GET /v1/enwiki/page/Main_Page/rev/ -- list revisions, latest first

This returns a JSON listing of revisions. Long lists can be retrieved with a paging URI.

Each revision can have multiple timestamped properties. The very latest properties of this page can be retrieved this way:

GET /v1/enwiki/page/Main_Page/rev/latest/ -- list properties of latest revision, cached & purged

Properties include:

wikitext: a single wikitext entry per revision
html: potentially several HTML entries per revision. Each re-render on template or image update is stored with a timestamp. The timestamp lets us efficiently retrieve the page as it looked at time X in the past, including templates etc at the time.
meta: JSON page metadata like categories, global behavior switches etc; split in a static and a dynamic (template-generated) part.
parsoid: Parsoid round-trip information
<some other key>: arbitrary metadata added by extensions (blame maps, annotations etc) (See the Element ID page.)

For example, this will retrieve the latest HTML for [[Main Page]]:

GET /v1/enwiki/page/Main_Page/rev/latest/html -- returns latest html, cached & purged

Several kinds of revisions are supported. One is the familiar MediaWiki revision ID, an integer:

GET /v1/enwiki/page/Main_Page/rev/12345/ -- list properties for this MediaWiki revision

The newest HTML for a given MediaWiki revision can be retrieved with this redirect:

GET /v1/enwiki/page/Main_Page/rev/12345/html -- redirects to latest html timeuuid URI

A point-in-time query can be performed by directly passing a timestamp instead:

GET /v1/enwiki/page/Main_Page/rev/2013-02-23T22:23:24Z/html
    find revision as it was at time X, not cacheable, redirects to timeuuid UR

Internally, all entries are stored with a timeuuid. This lets us store several timestamp-ordered properties per logical MediaWiki version. It also makes point-in-time queries efficient.

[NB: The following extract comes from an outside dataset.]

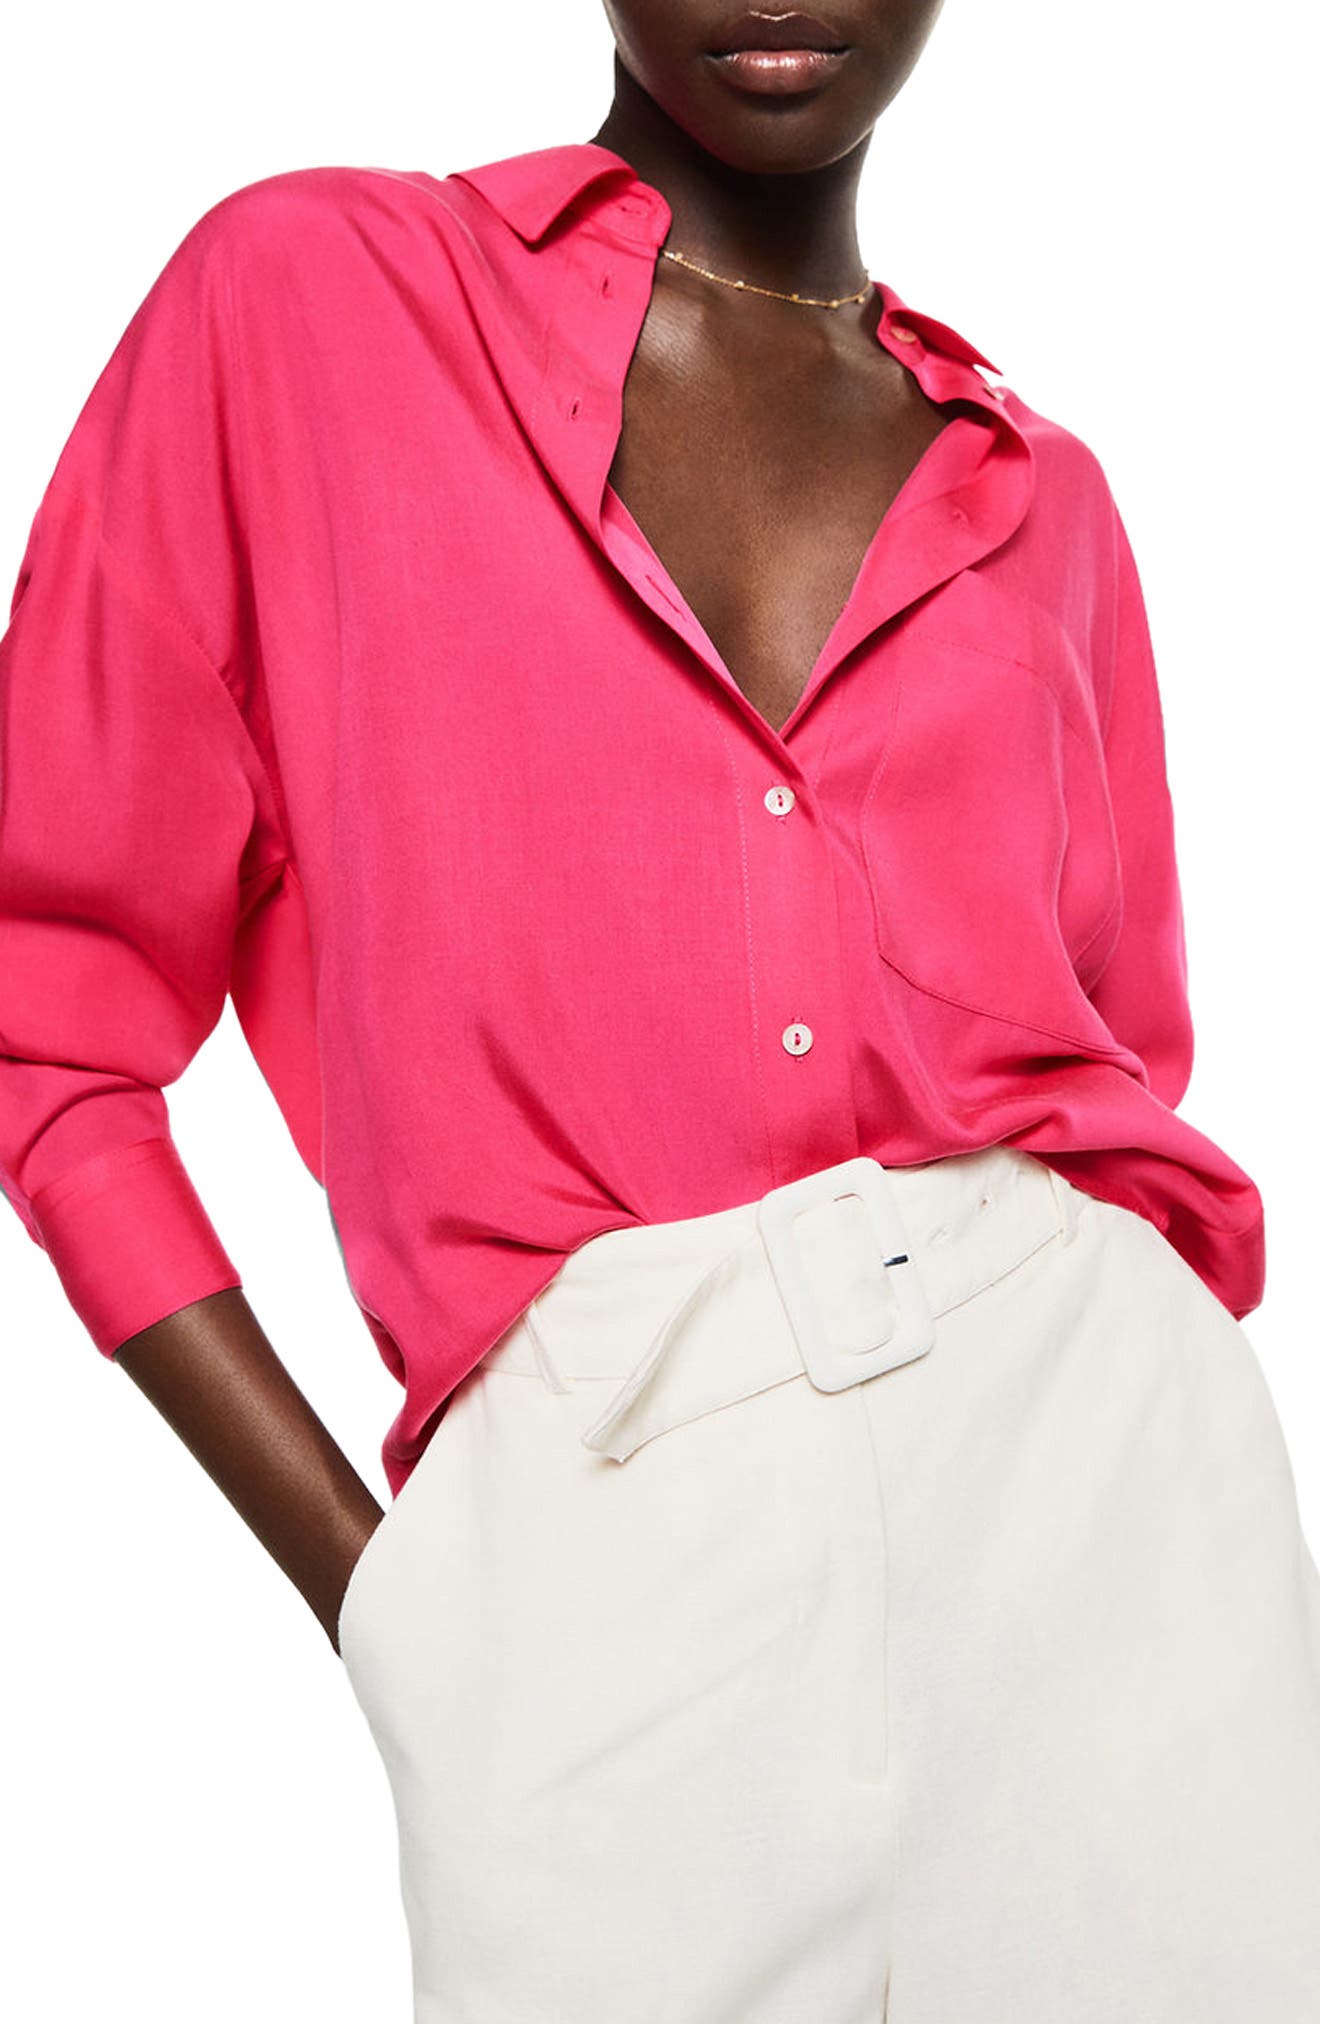 WOMEN FASHION Shirts & T-shirts Blouse Flowing Mango blouse discount 74% Green L

GET /v1/enwiki/page/Main_Page/rev/8f545ba0-2601-11e3-885c-4160918f0fb9/html
    stable revision snapshot identified by Type 1 UUID. Immutable apart from HTML spec updates

Some details of the URI layout are currently under reconsideration, see #Resource_/_URL_layout_considerations.

Write API[edit]

POST /v1/enwiki/page/Main_Page/rev/

Atomically create a new revision with several properties.

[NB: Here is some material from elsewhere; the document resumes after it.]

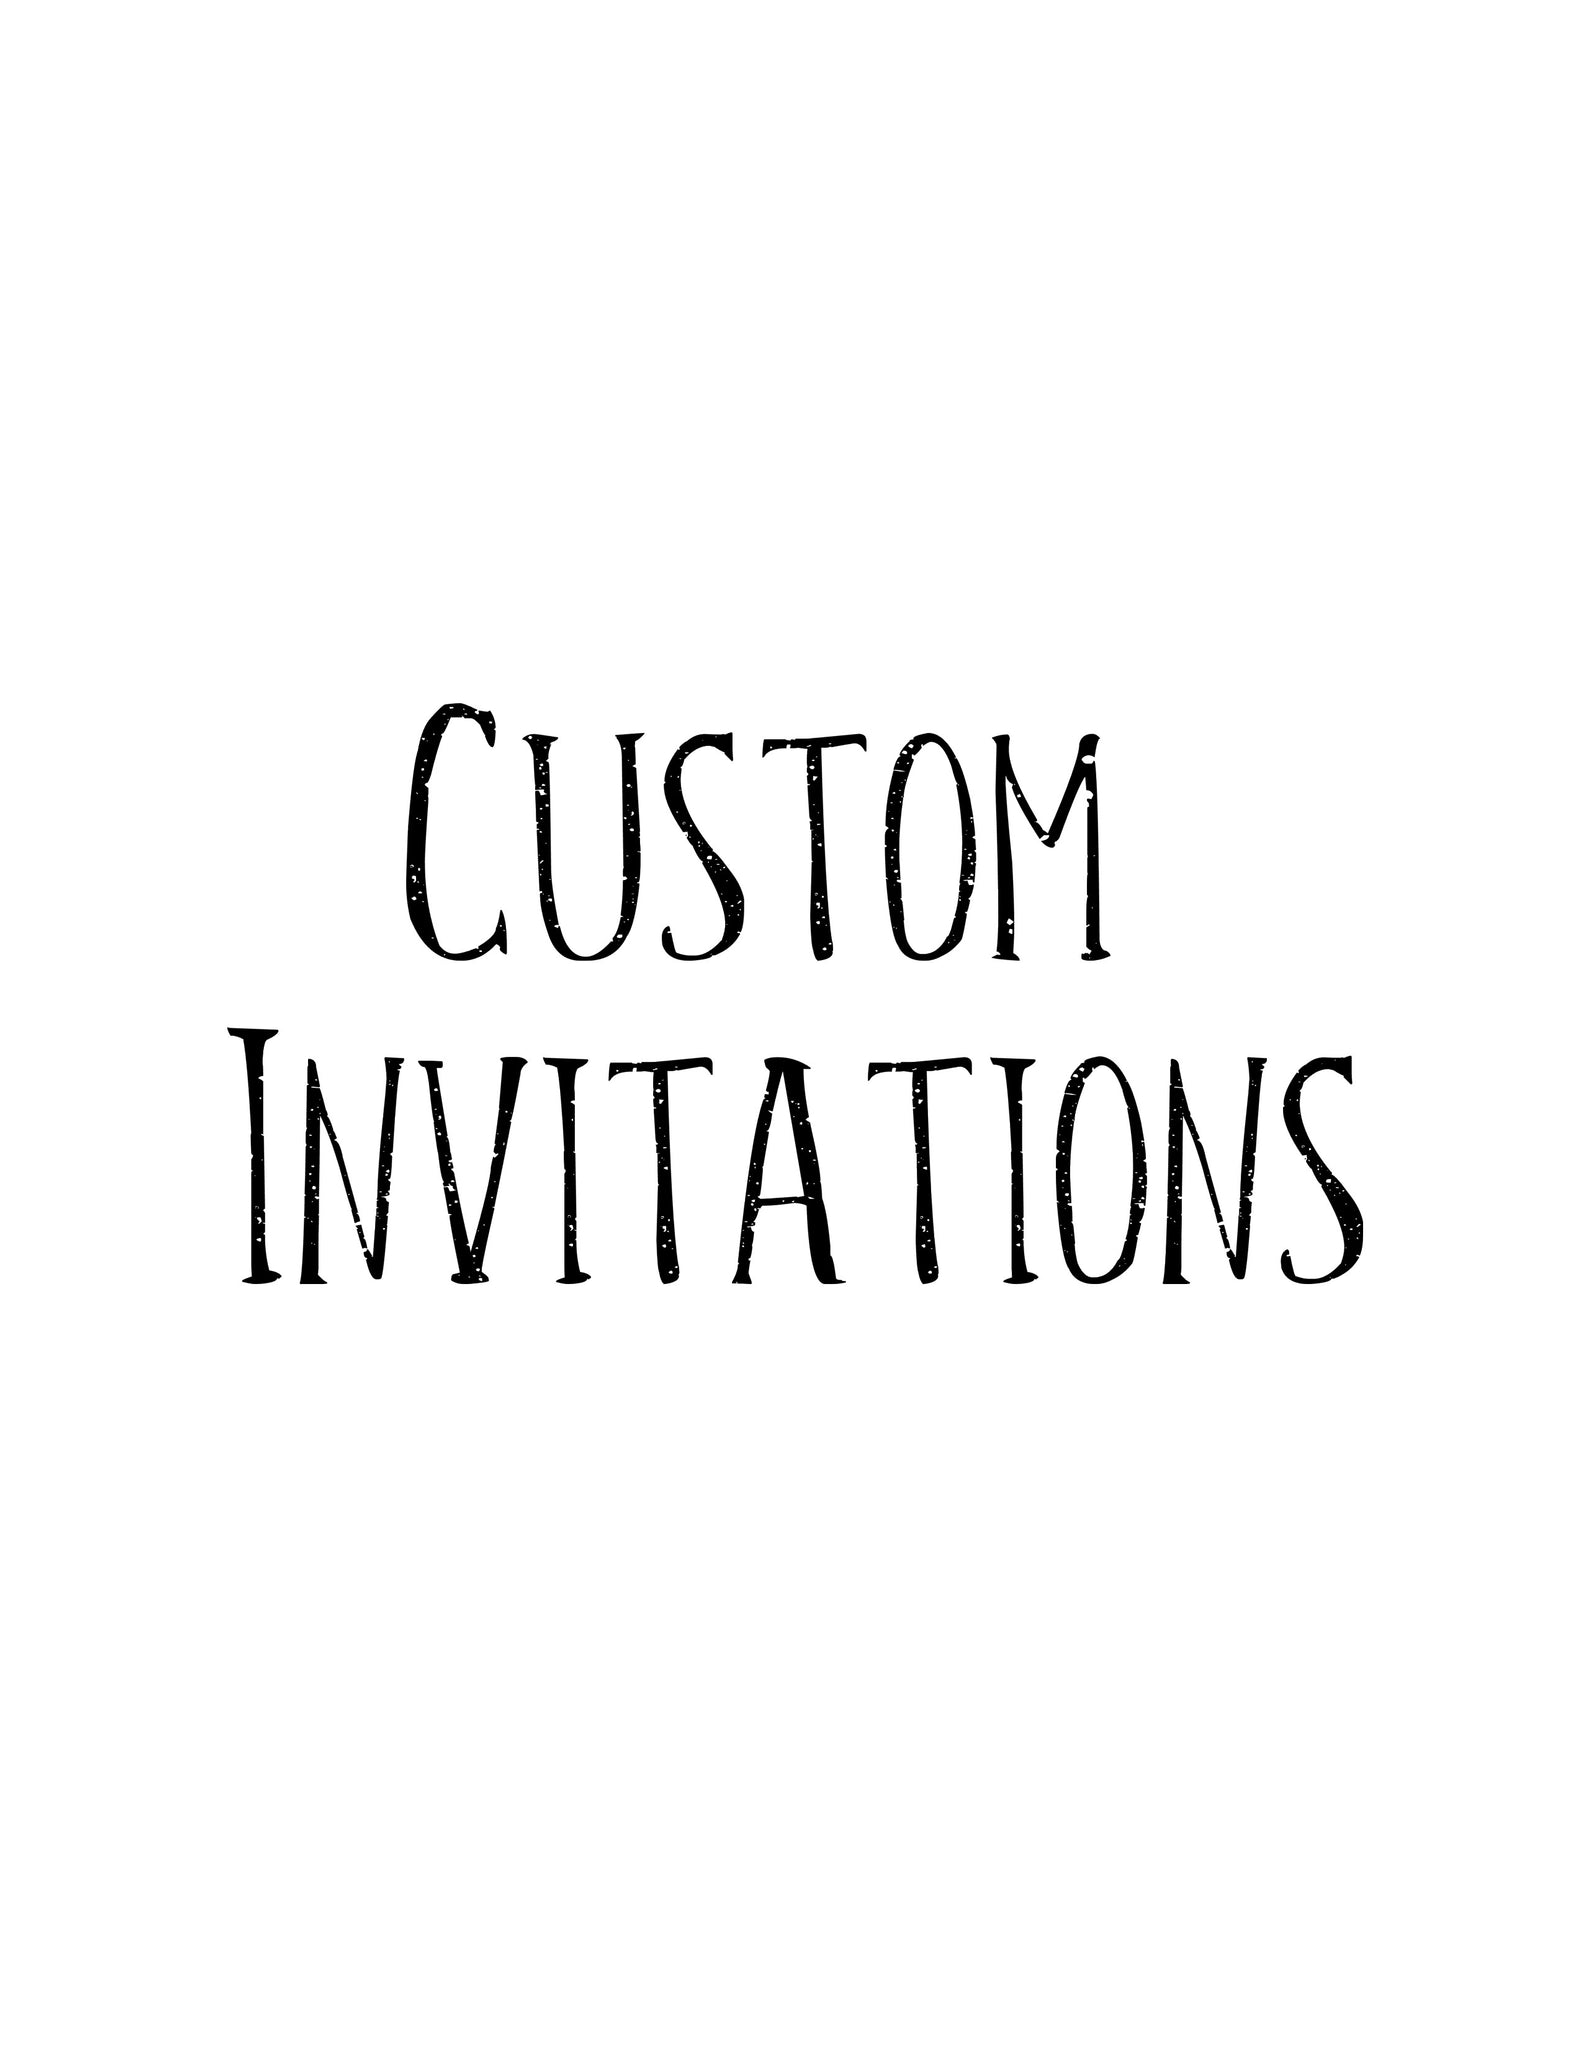 Custom Invitations (Please Contact)

Required post vars with example values:

_parent=Main_Page/rev/12344: The parent revision. Returned as x-parent header with regular GET requests, and part of JSON returned at /enwiki/page/Main_Page?rev/ history info.
_rev=12345: The new revision. Returned as x-rev: Main_Page?rev/12345 header with regular GET requests. Also part of history info.

Optional post vars:

_timestamp=2013-09-25T09:43:09Z: Timestamp to use in timeuuid generation. Needed to import old revisions. Should require special rights. Normal updates should use the current time.

Typical property post vars:

html, wikitext, parsoid: The html, wikitext or parsoid information of this revision. All entries that are passed in are stored atomically.
meta: The page metadata, JSON-encoded. Language links, categories etc. Divided into static (in page content) and dynamic parts (template-generated, can change on re-expansion).
Returns: JSON status with new timeuuid on success, JSON error message otherwise. Implicitly purges caches.

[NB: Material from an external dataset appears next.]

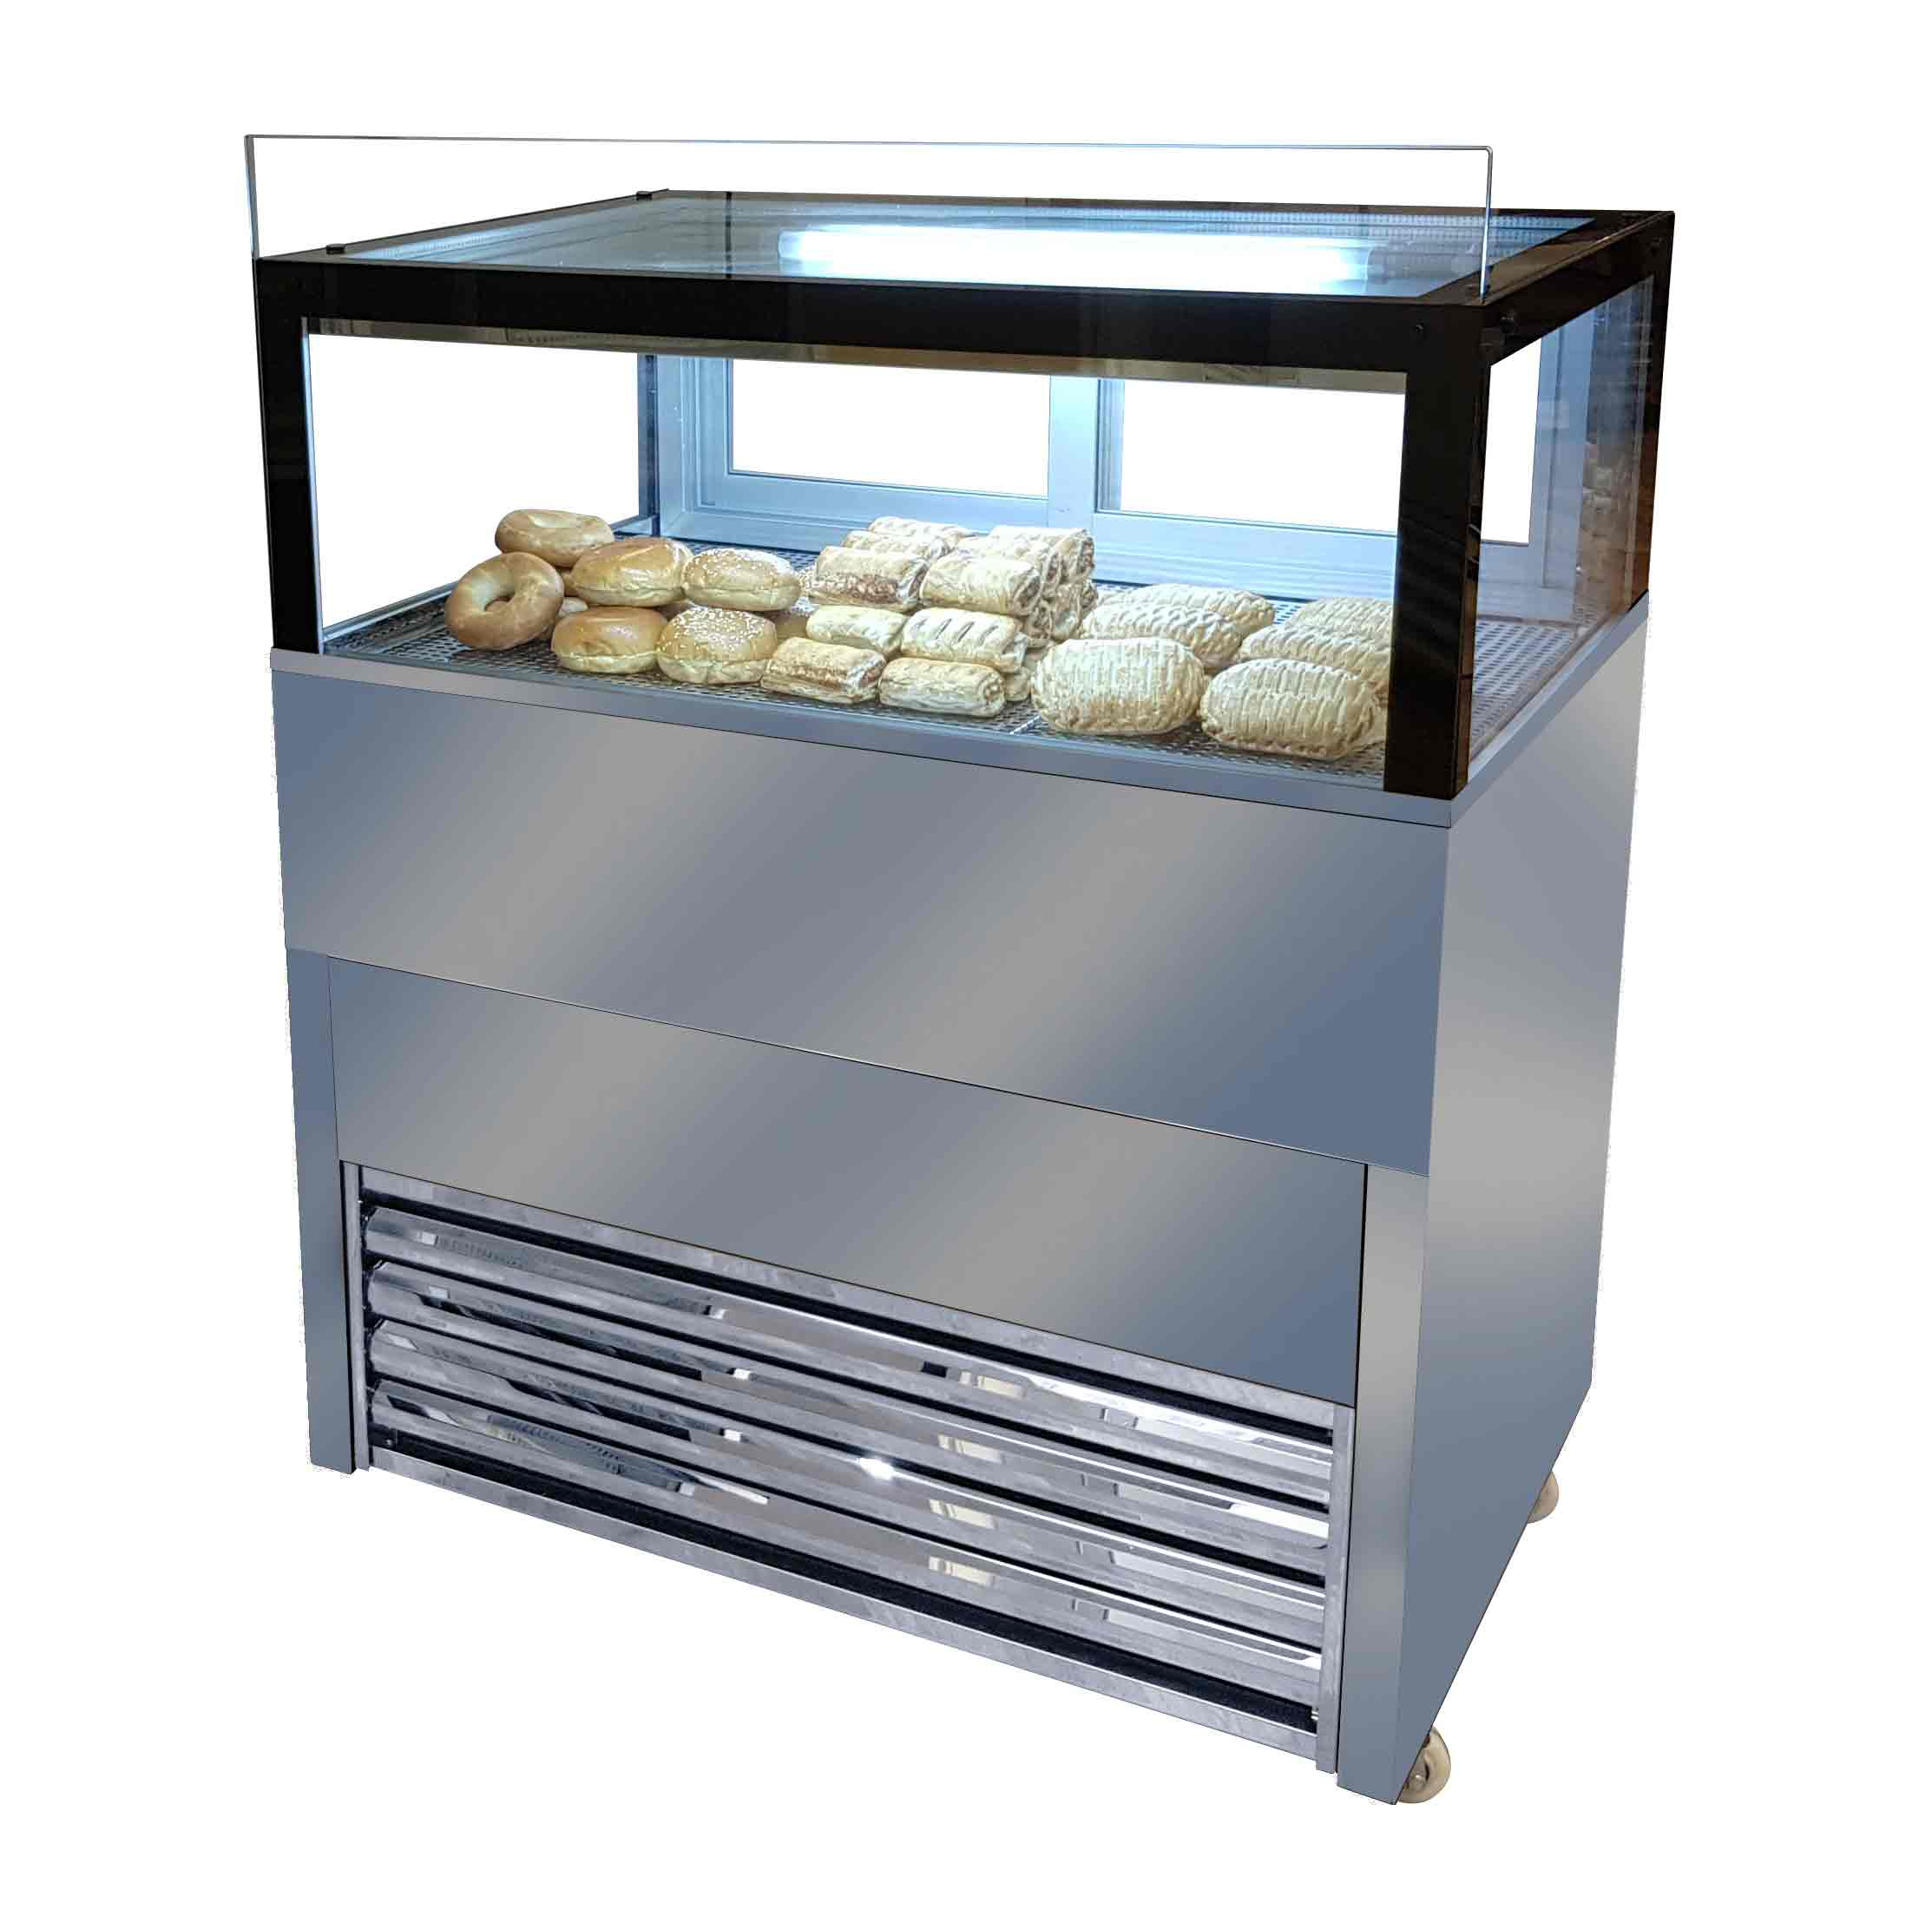 Heated Display Cabinets For Food Eco Fridge Ltd regarding proportions 2226 X 2208

POST /v1/enwiki/page/Main_Page/rev/8f545ba0-2601-11e3-885c-4160918f0fb9/

Insert new (versions of) properties for the given timeuuid base revision. A new timeuuid will be generated.

Typical property post vars:

html, wikitext: The html and wikitext of this revision
meta: The page metadata, JSON-encoded. Language links, categories etc. Divided into static (in page content) and dynamic parts (template-generated, can change on re-expansion).
Returns: JSON status with new timeuuid on success or JSON error message otherwise. Implicitly purges caches.

POST /v1/enwiki/page/Main_Page/rev/12345/

Insert new (versions of) properties for the given revid base revision. Alternative form for the timeuuid-based update above. A new timeuuid will be generated.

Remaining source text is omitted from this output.